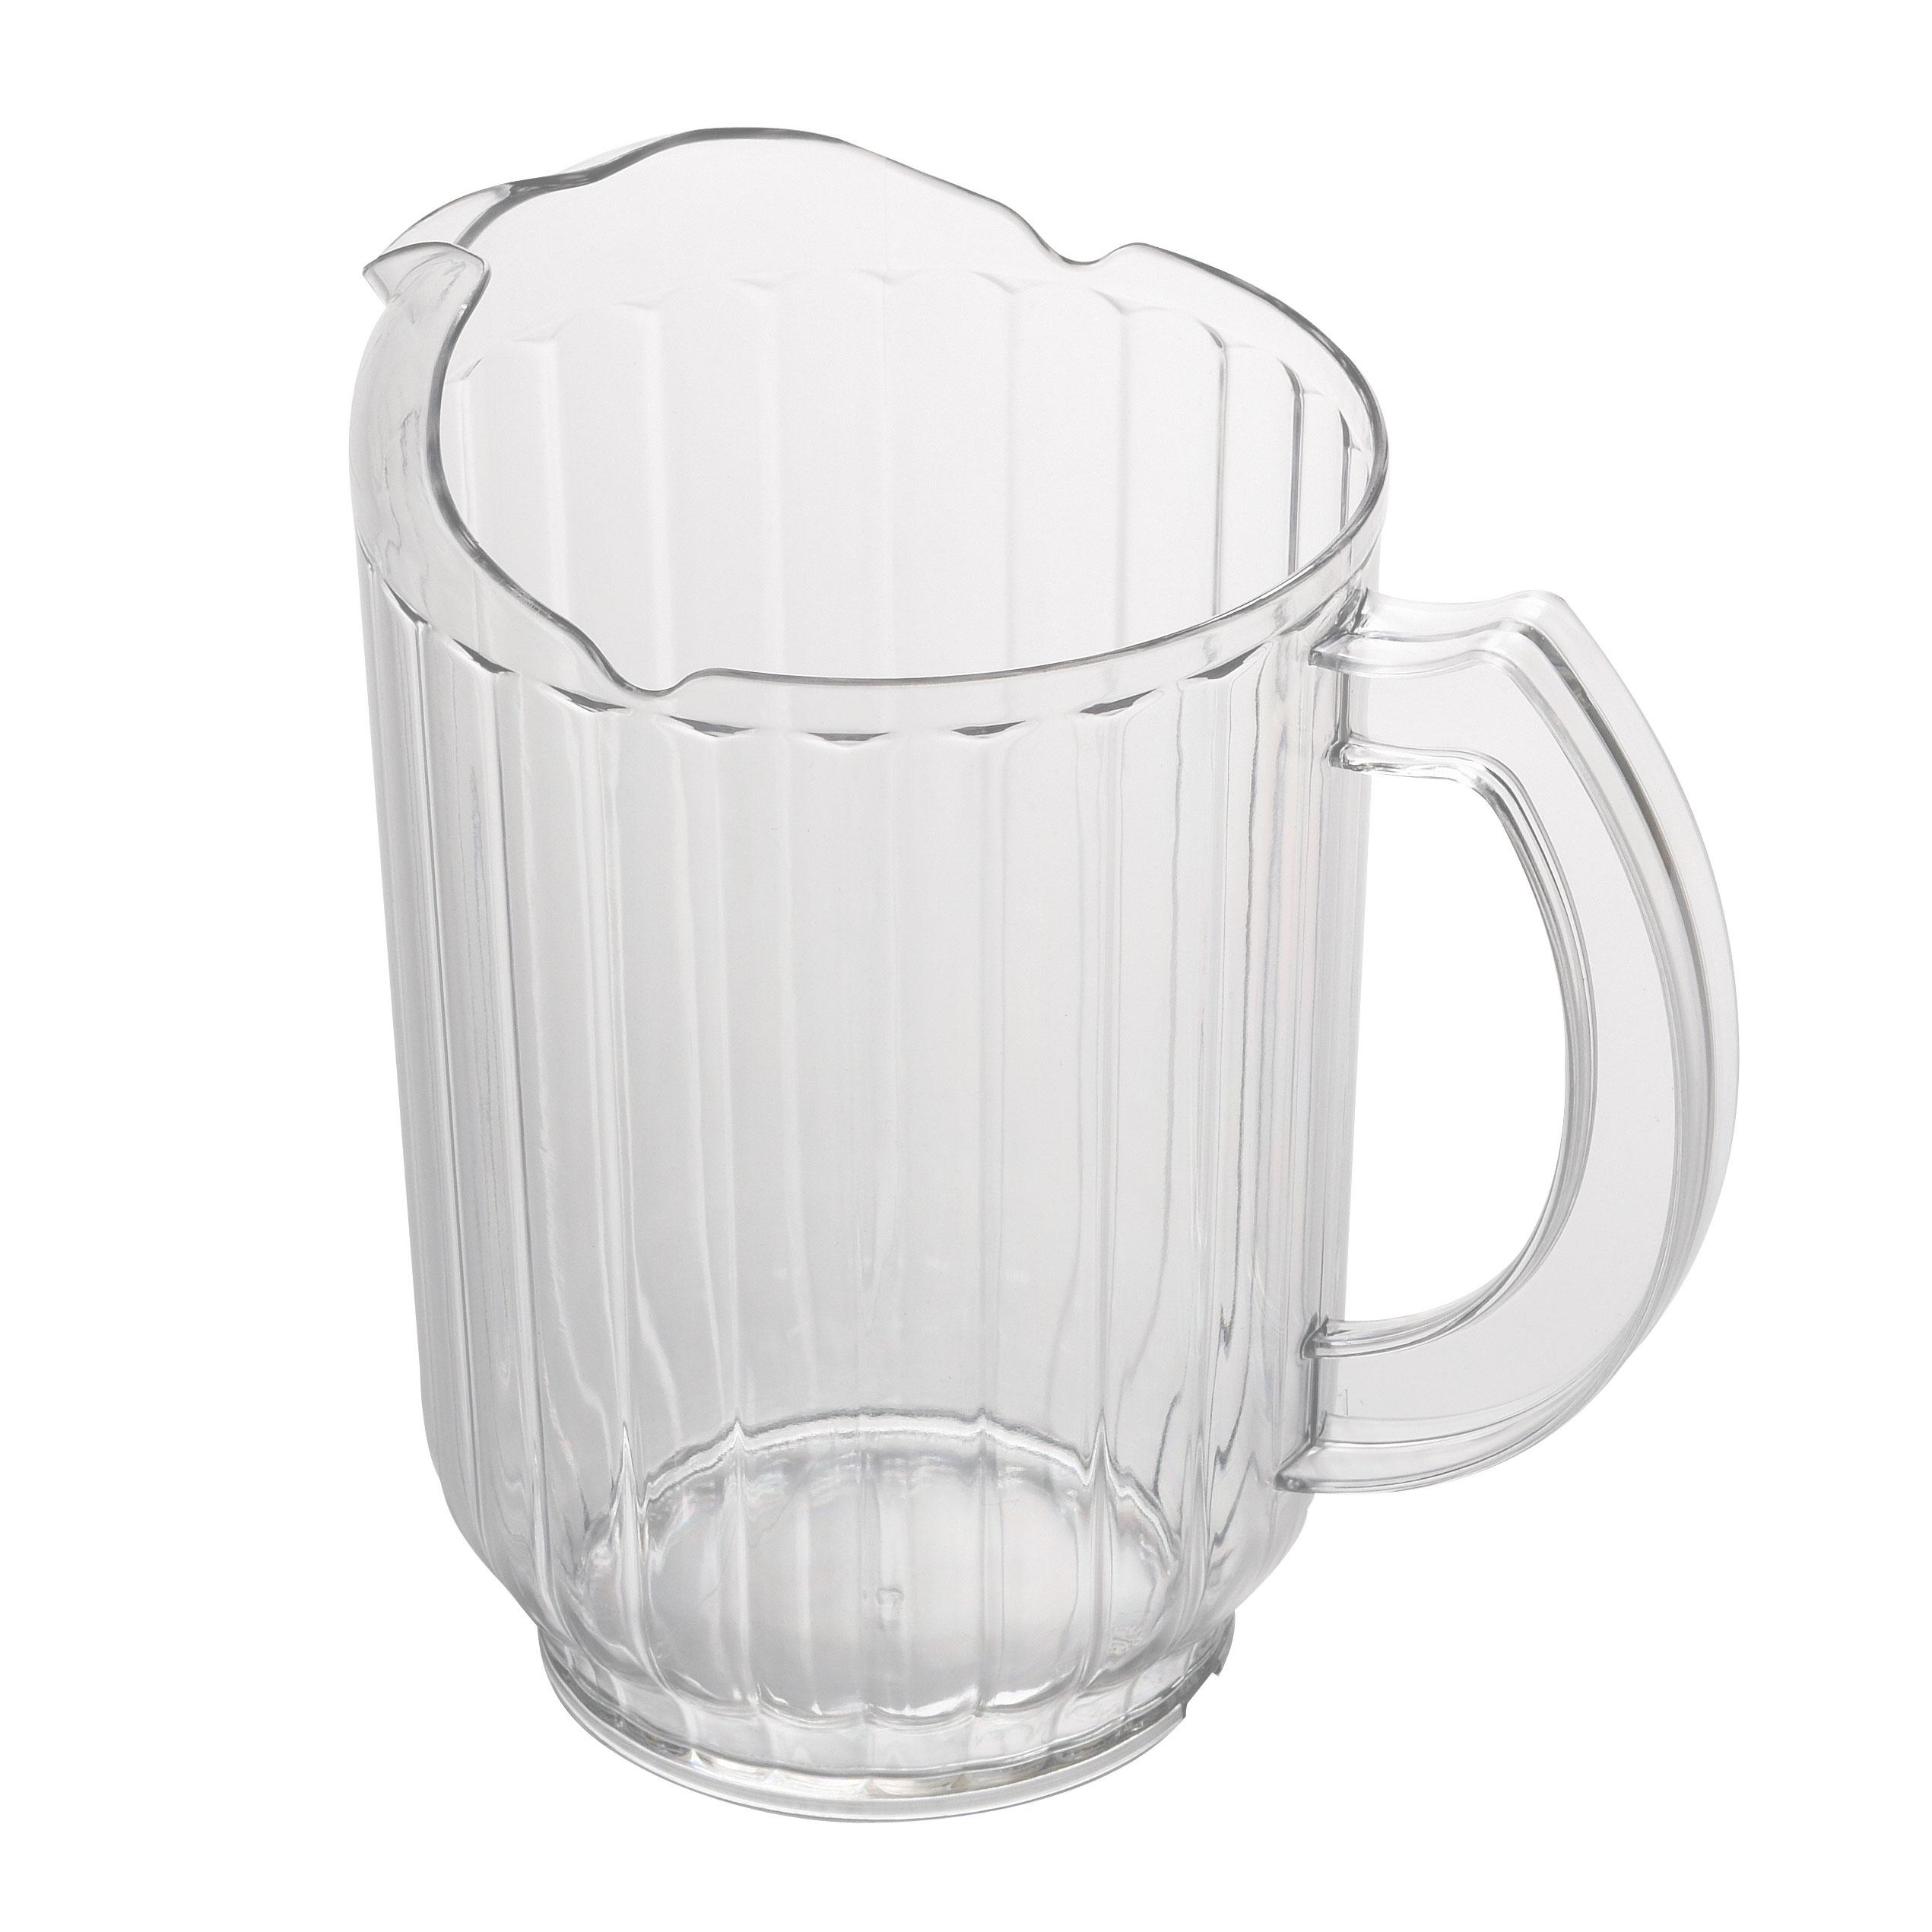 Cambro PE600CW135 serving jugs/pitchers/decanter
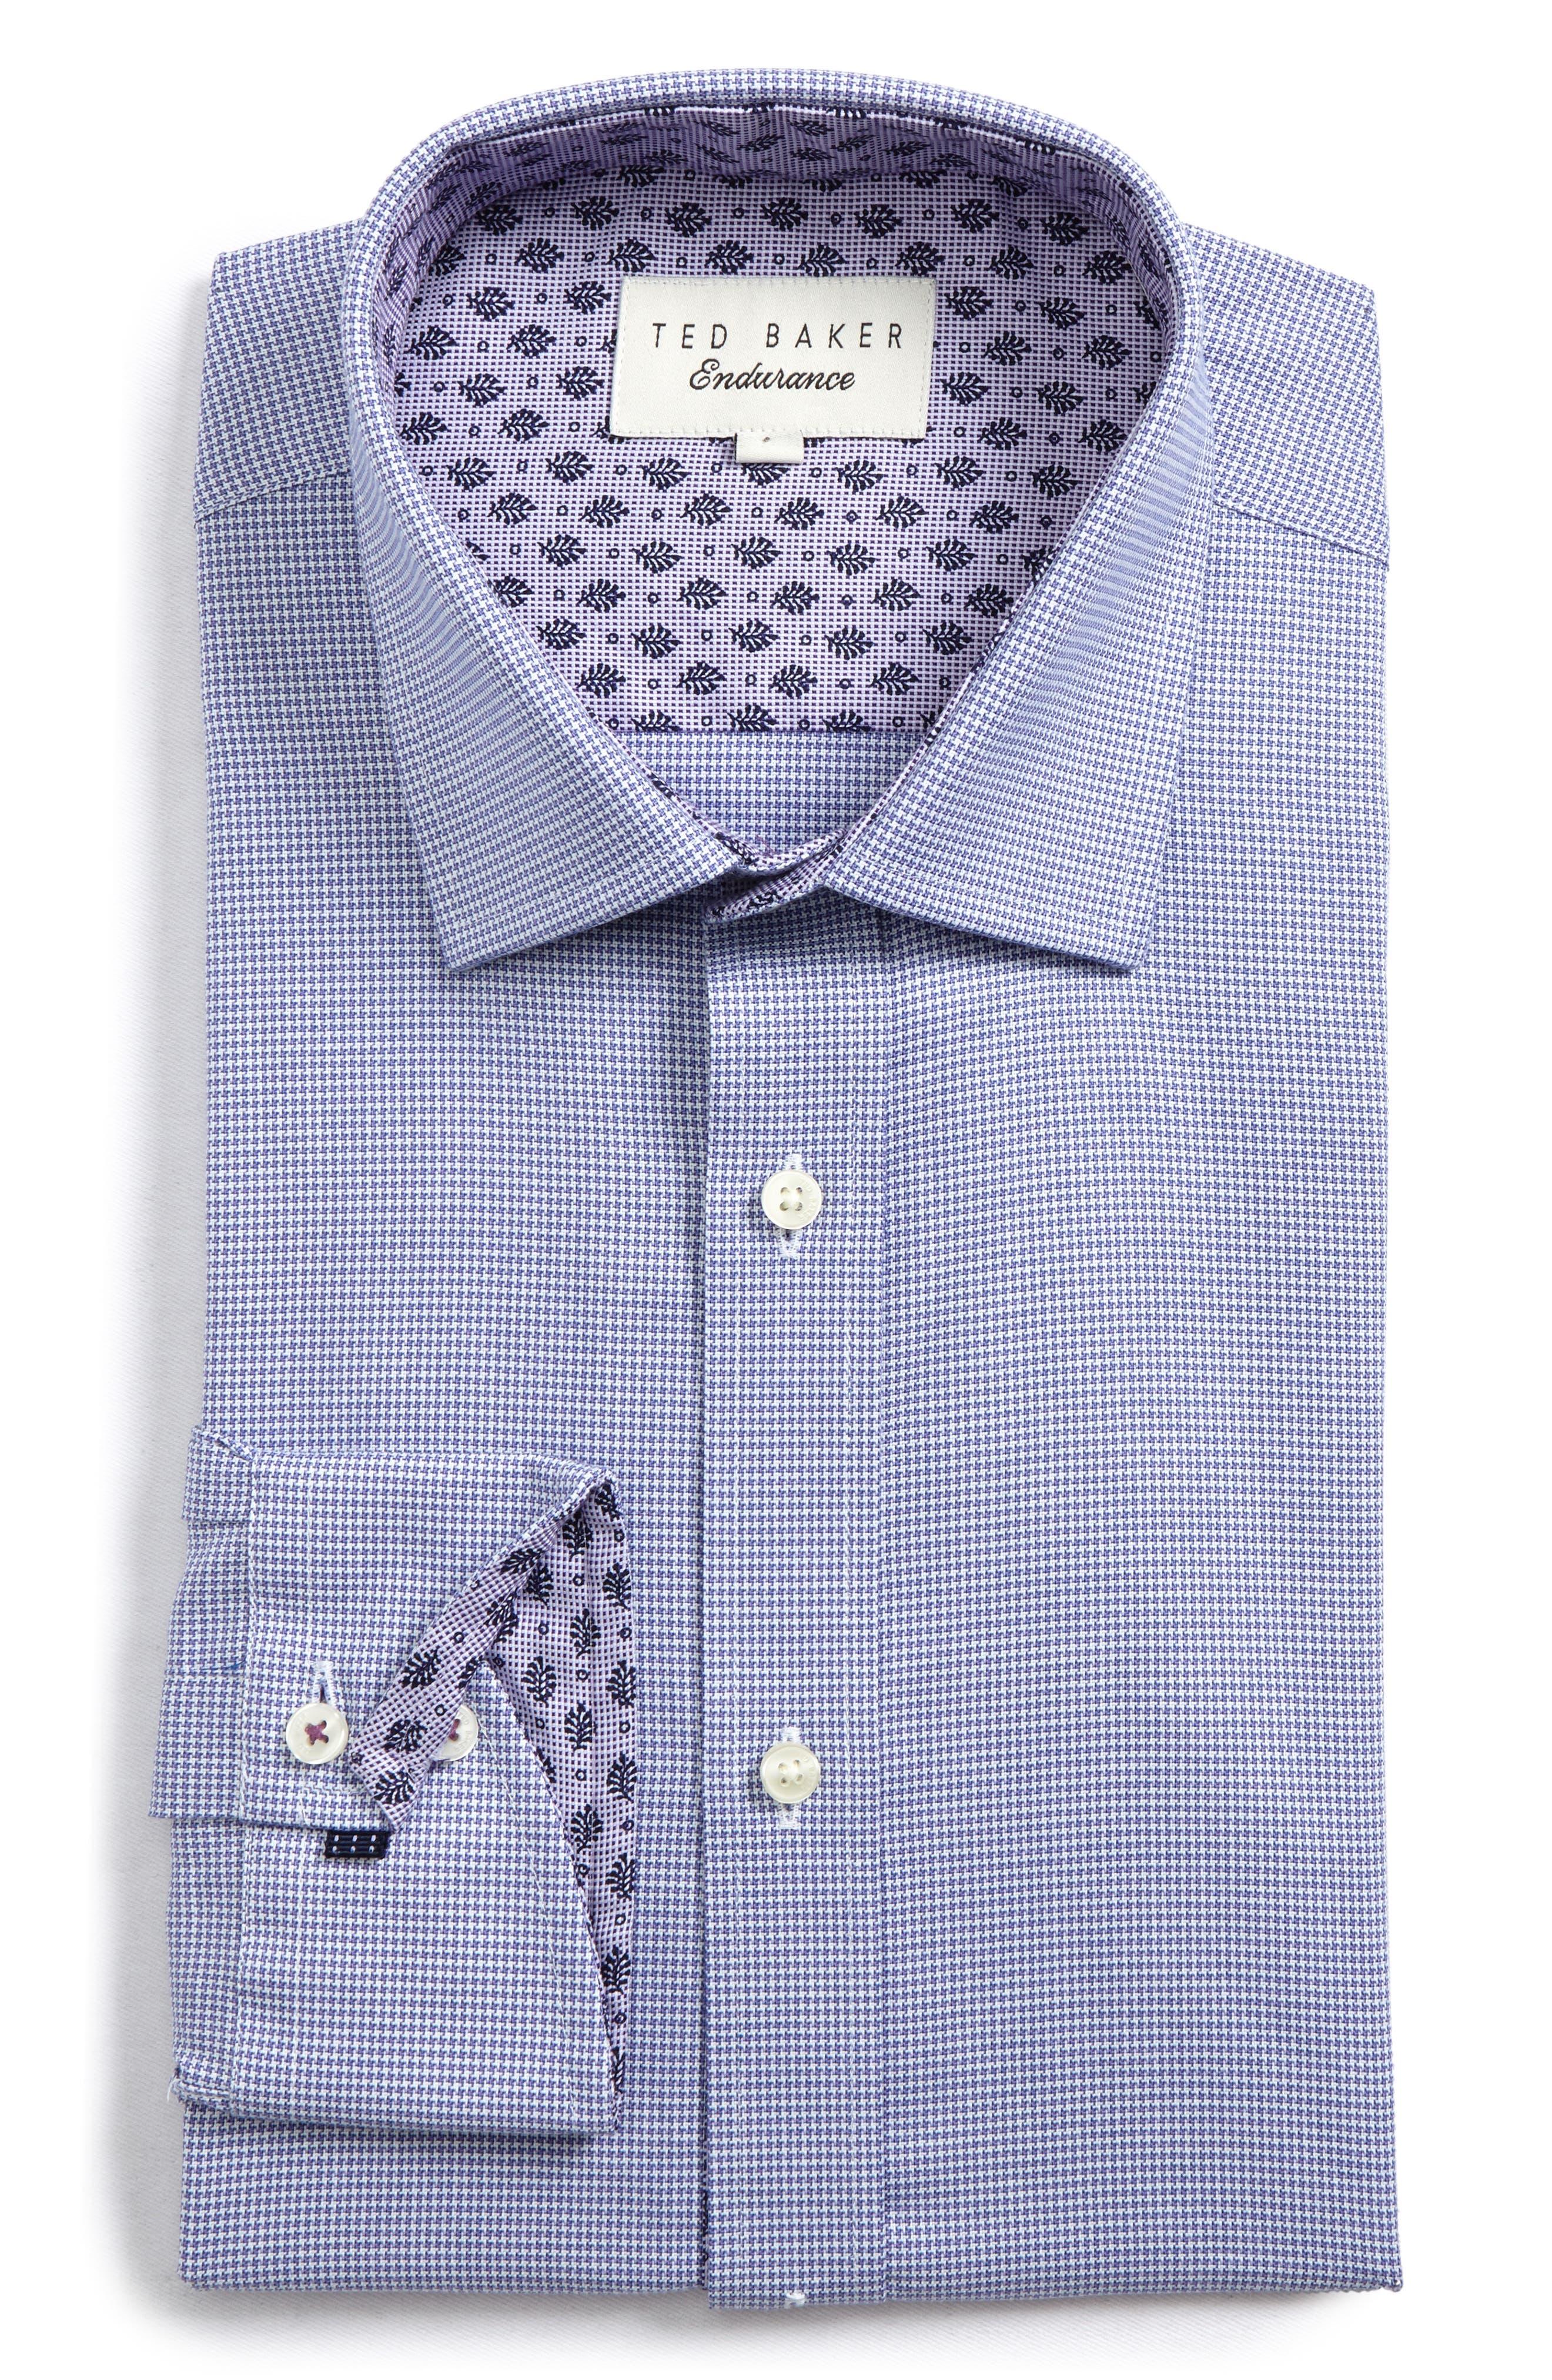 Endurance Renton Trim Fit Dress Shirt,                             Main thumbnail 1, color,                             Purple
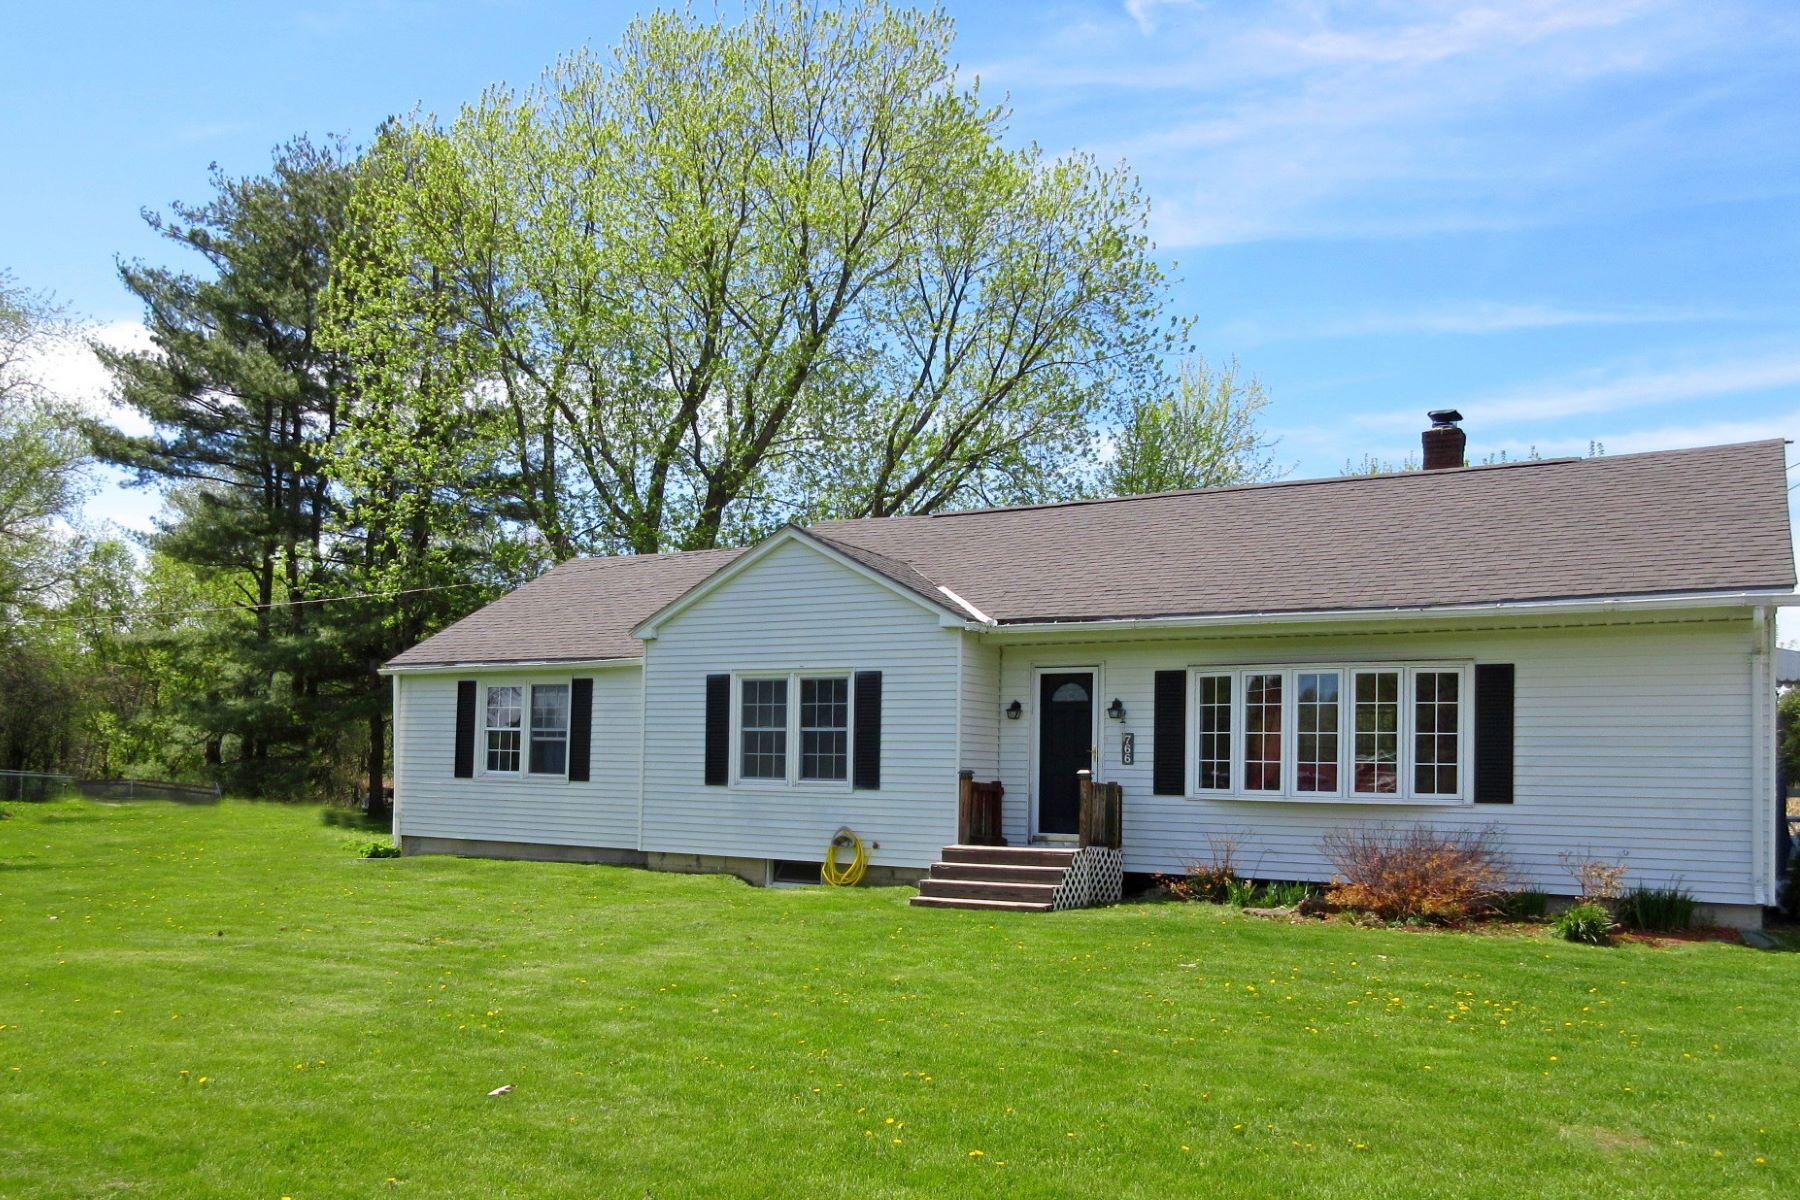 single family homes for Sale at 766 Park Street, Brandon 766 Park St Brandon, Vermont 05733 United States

▶ [ACTION ITEM]: Since the pictures are not part of the copy, transcribe only the remaining material, exactly.

▶ [WRITTEN SOLUTION]:
 Cambro PE600CW135 serving jugs/pitchers/decanter
 Endurance Renton Trim Fit Dress Shirt,                             Main thumbnail 1, color,                             Purple
 single family homes for Sale at 766 Park Street, Brandon 766 Park St Brandon, Vermont 05733 United States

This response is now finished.